Since there was no urgency on the return journey, the members of the warband traveled either Stepped or not, however they felt most comfortable. The novelty of Ciri’s new soul hadn’t worn off for her yet, and she spent most of the morning running around and between the others on wolf’s paws, practicing with her new form and trying to tease someone into playing.

One voice in Geralt’s mind wanted to tell her not to waste her energy so early in the day, while the other voice wanted to be lured into a game of chasing and play-fighting instead. Since he couldn’t speak to follow the first instinct, he decided to go with the second. Even the Wolf tribes knew this sort of play was important for young wolves, after all. When considered from that angle, it was clear he wouldn’t be doing his duty by her if he didn’t play. Or that’s what he told himself. He was aware that wasn’t a strictly normal way for him to think, but at the moment he didn’t care. He wished he could explain his reasoning to the others, because their expressions said they thought he was acting very silly indeed.

By the time they stopped for the midday meal, Geralt was panting heavily and even Ciri's youthful energy seemed to flagging. He flopped down next to Yennefer and shoved his head under her hand, demanding affection. He felt he deserved some praise after working so hard all morning playing with Ciri. Yennefer petted his ears and neck and spoke to him in an amused, teasing tone. He was pleased that he could understand a word here and there, though her general meaning still escaped him. He wagged his tail and looked up at her, seeing concern on her face despite her lighthearted tone.

He knew the rest of the group was probably worried about him staying a wolf so long, but he didn’t have any particular desire to Step back. For one thing, he didn’t know if his human form had been further distorted by a second encounter with the Champion, and he didn’t want an audience the first time he Stepped back just in case. For another, there were too many things he didn’t want to think about yet, and the wolf let him put it off.

He couldn’t stay in this form indefinitely, though. If nothing else, their trail rations were more suited to a human stomach than a wolf’s, both in composition and quantity. He could have gone hunting for his own food, but after so long Stepped with his already muddled mind, the thought of hunting made his wolf instincts rush to the fore with alarming strength.

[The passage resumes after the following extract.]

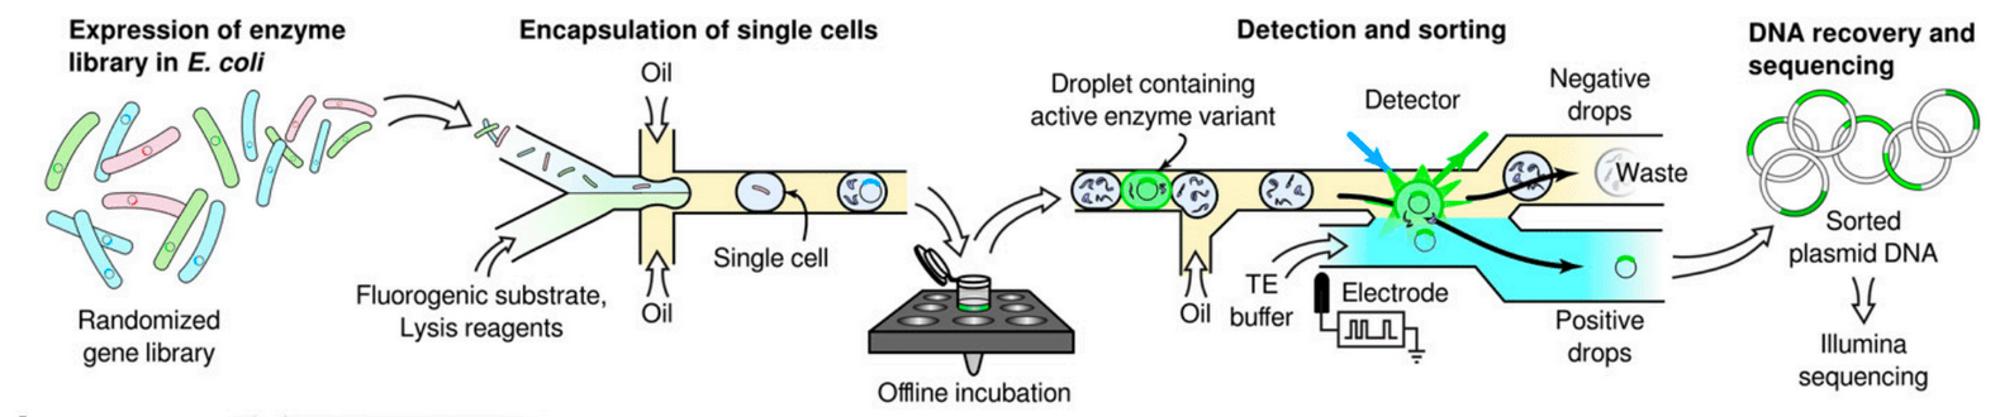 Overview of microfluidic screening workflow in droplets (from Romero  et al.  2015).

He didn’t want to lose himself to the forest over something as inconsequential as a rabbit.

Lem took over playing with Ciri when they started moving again, her Hyena not so different from a wolf as to make much difference in their games. Geralt gratefully fell back to walk with his brothers, who were also traveling Stepped. Now that he wasn’t running around and play-wrestling, Yennefer rode with him she usually did when they went any significant distance. Her current form was light enough not to be a burden, and he liked the security of feeling her draped around his shoulders.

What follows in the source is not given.